Getting Data In

How to detect Splunk log ingestion failure?

Explorer

I'm working with Splunk setup to copy and index disk logs from remote servers using scheduled rsync transfer.

The rsync transfer job has a bandwidth limit specified to avoid overloading the remote servers and the Splunk server.

During a recent incident, this rsync bandwidth limit was reached because logs grew too quickly (about 5 GB/hour for about a day). During this time, logs were not transferred for indexing.

This is as designed, but Splunk reports nothing for that timeframe, nor gives an indication that data is missing.

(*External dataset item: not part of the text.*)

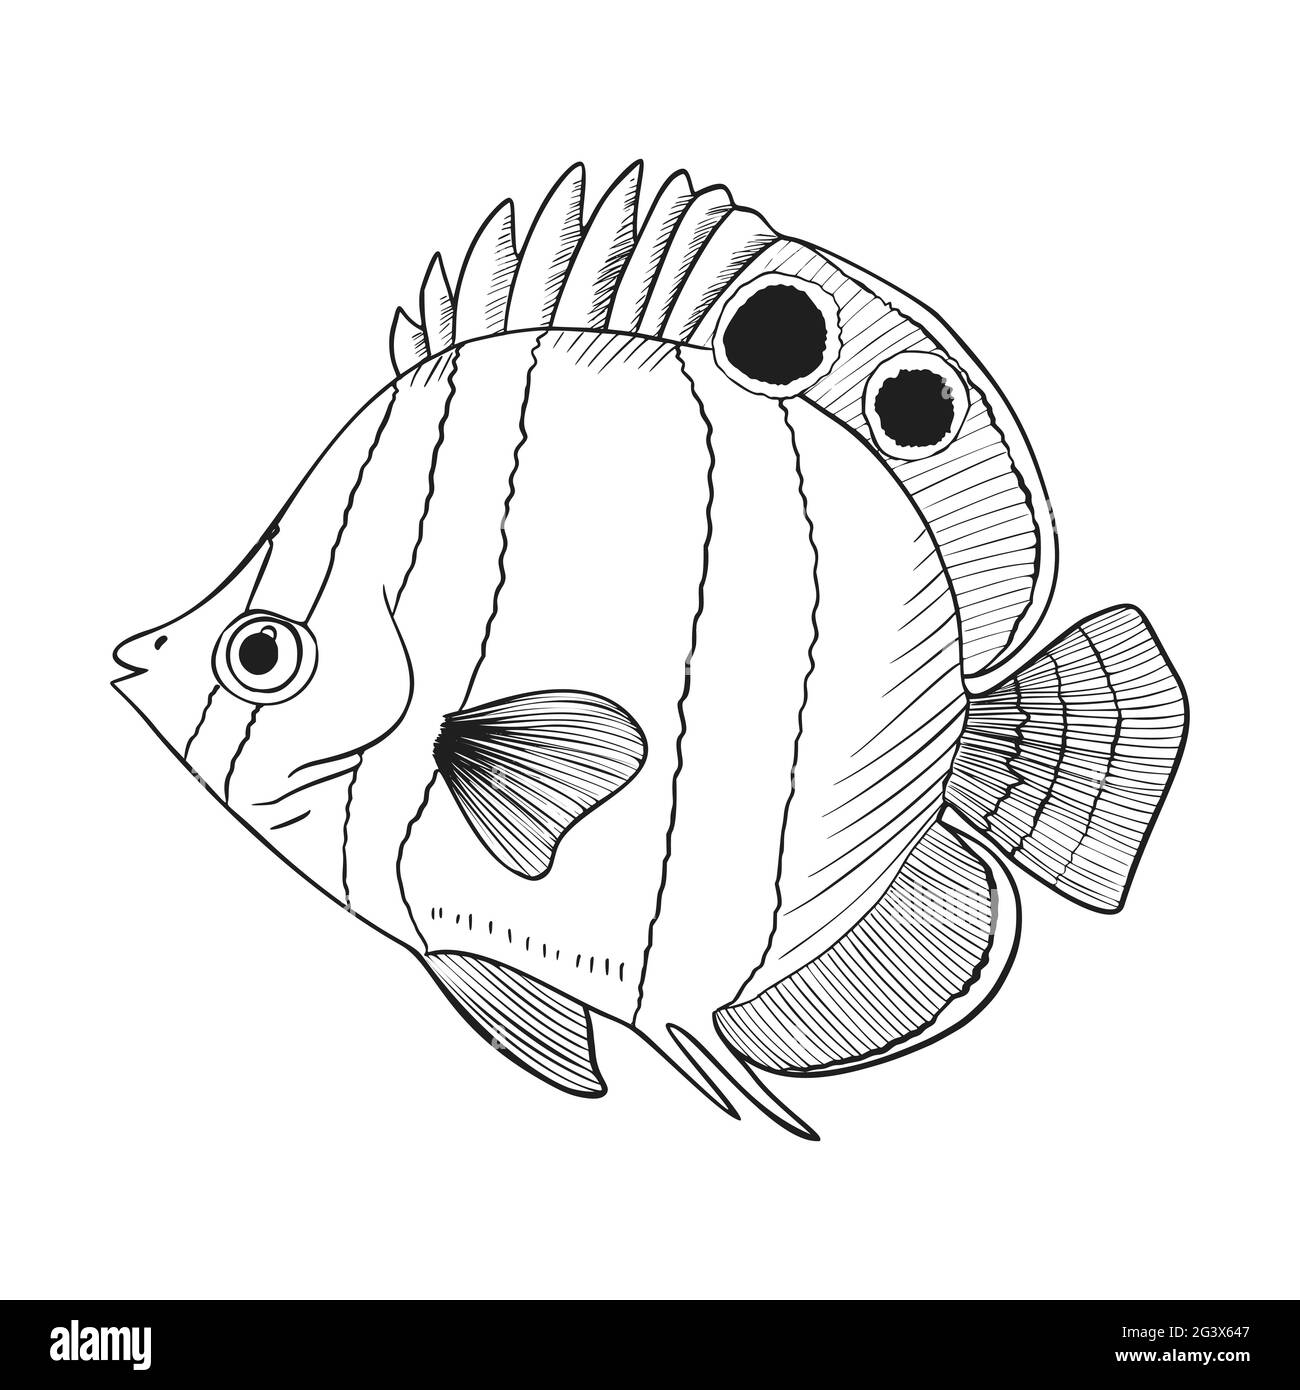 Skizze Für Rifffische Vektorgrafik. Handgezeichnetes Unterwasser-Tierset. Realistische Naturelemente für Fischgeschäft, Meeresfrüchte-Design. Vektor illustrr Stock Vektor

Our Splunk admin says the rsync transfer failures cannot be reported. Is there a way to use Splunk to detect when logs were not indexed as expected?

0 Karma

Legend

You could turn on the Splunk Deployment Monitor app (it comes with Splunk).

It has some dashboards that show which forwarders are forwarding LESS than usual. You can also set alerts from within the Deployment Monitor.

This is why I don't like using rsync unless it is absolutely necessary. You end up having to manually deal with the corner cases when rsync doesn't work. Using a Splunk forwarder is a lot less hassle.

0 Karma

Explorer

Thanks - that sounds sensible.

0 Karma

Builder

I would just set up an alert that emails you once a certain number of events falls below your given threshold.

Explorer

Yes, that would work but may cause a few false positives; for example, when a server was down for maintenance.

0 Karma